The LLM-as-a-judge framework
The main difference between the evaluation of traditional ML models and LLMs is that in most of the cases we are dealing with generative tasks for which either no single ground truth exists or is hard / expensive to obtain. When we ask an LLM to write a description of a property, or to summarize a long text, we don’t really have an unambiguous reference that we can use for comparison. Moreover we can’t get this at scale for different topics or subjects.
Therefore the measurement of text attributes like clarity, readability, toxicity or factual accuracy becomes more challenging. It would be possible, in theory, to employ human experts to review every generation and provide an estimation of the metric under study.
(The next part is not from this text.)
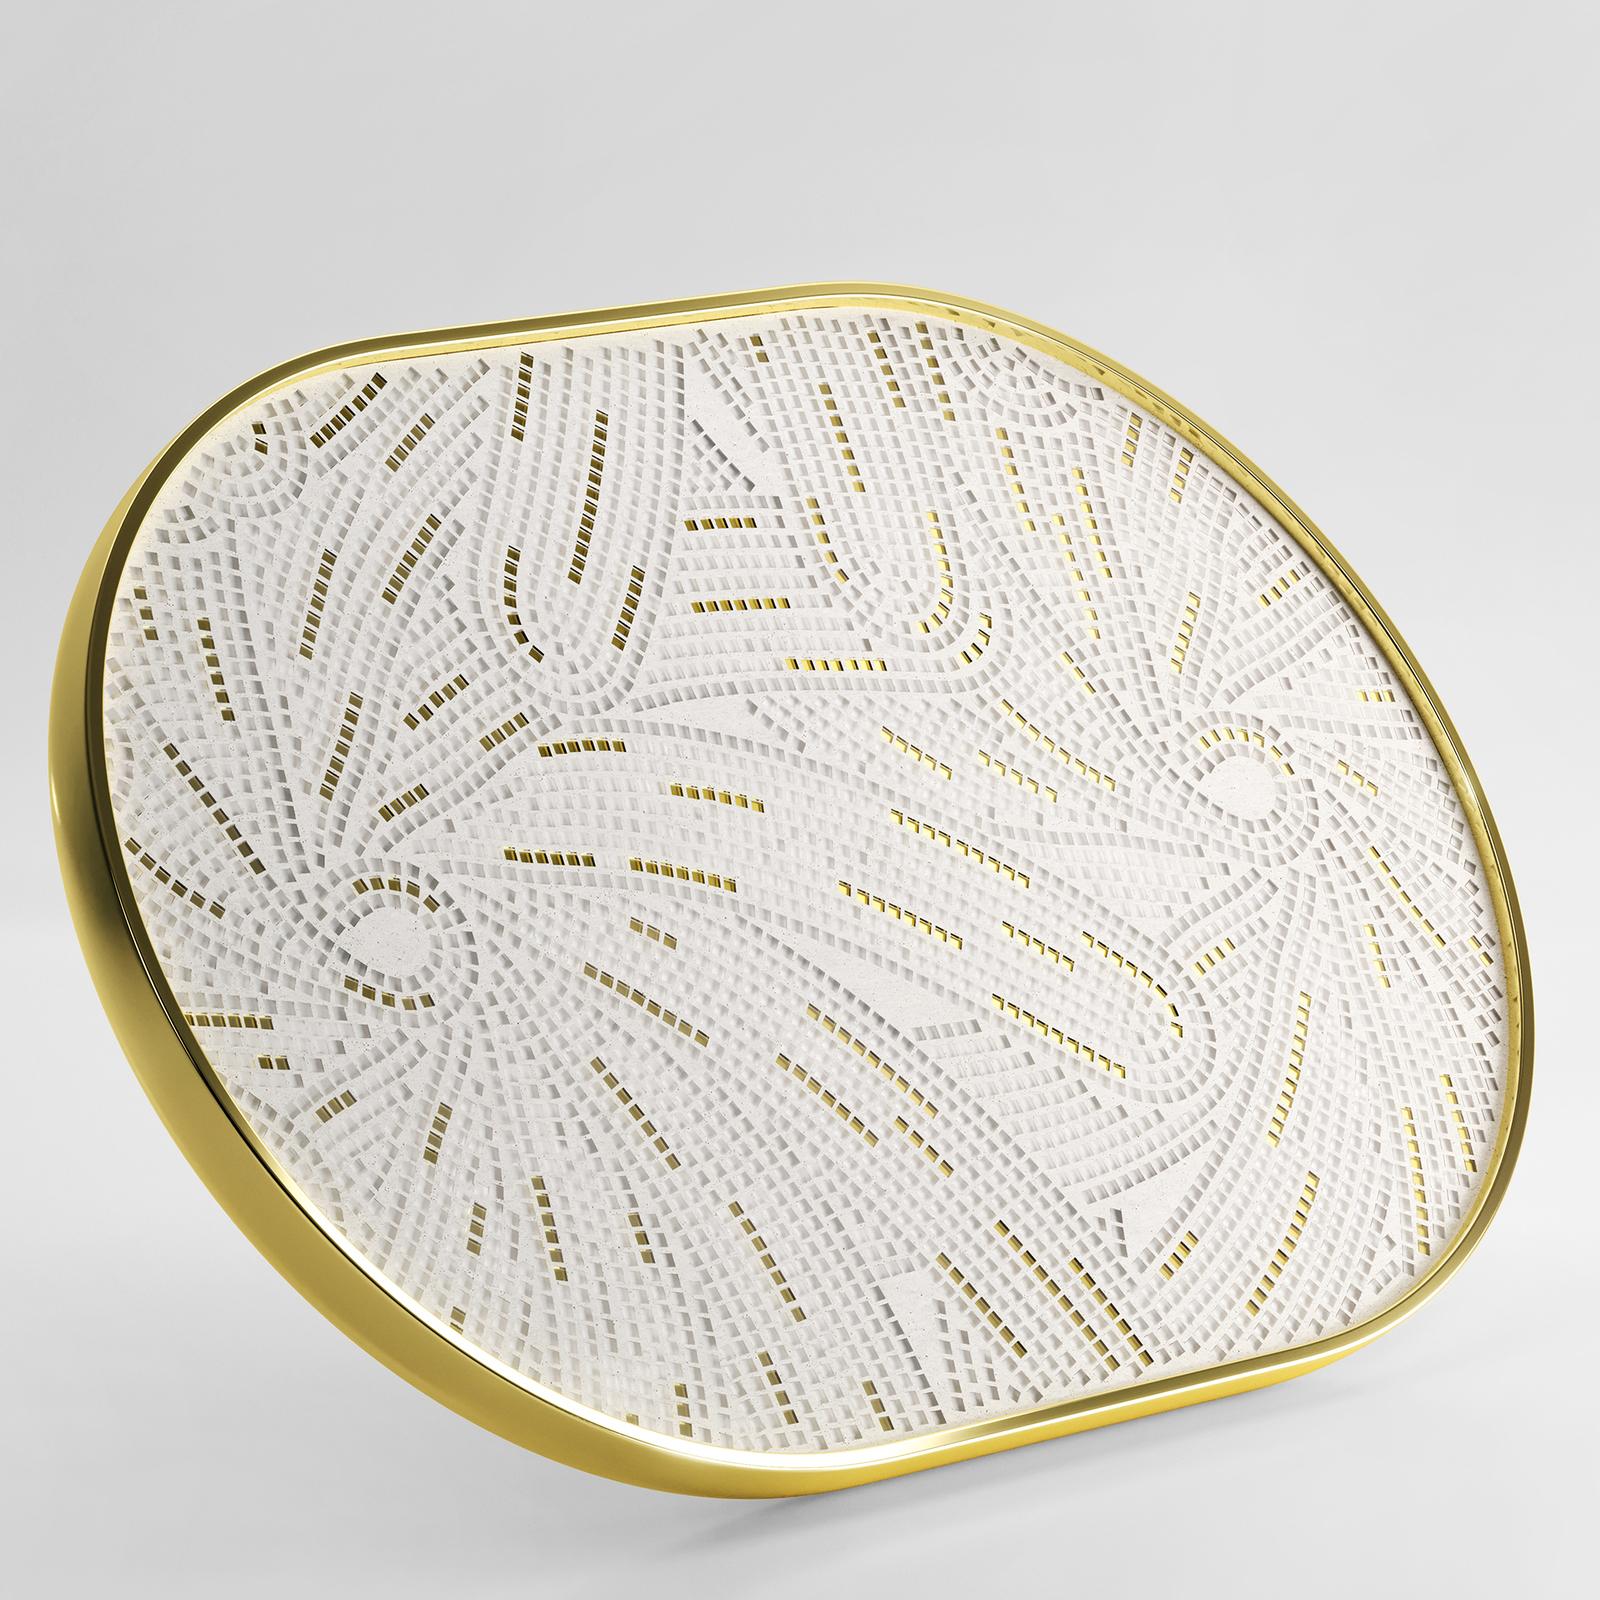 Distinguished for its sculptural allure and Minimalist design, this exquisite tray is a limited-edition piece designed by artist Matteo Cibic for the SpecialFriends collection. This 24-karat gold-plated ceramic oval tray uses TILLA picotesserae to

However, this process would be time consuming and expensive to be practically infeasible.
The LLM-as-judge approach, requires human involvement only once (unless the production distribution changes), to carefully annotate the so-called golden dataset which must be large enough to be representative of the data distribution in production (the best practices for golden dataset creation are described in the next section).
Once we have the golden dataset with labels, we can prompt (or fine-tune) an LLM to replicate human judgement as much as possible. Once this is achieved, (e.g. when the agreement between the judge LLM and the human annotation has an accuracy above a certain threshold) the judge LLM can be employed to score the predictions of a second LLM (target LLM) on other datasets.
This allows the continuous monitoring of the performance of a GenAI application in production in a scalable way with minimal human involvement.
Since the judge-LLM solves a classification task (e.g. is the text clear or not? is the text factually accurate or not?) getting golden labels is much easier. Hence, we can evaluate its performance using standard metrics like accuracy, f1-score, precision or recall, to monitor the performance of the target LLM. The process of judge-LLM development and usage is depicted in Figure 1.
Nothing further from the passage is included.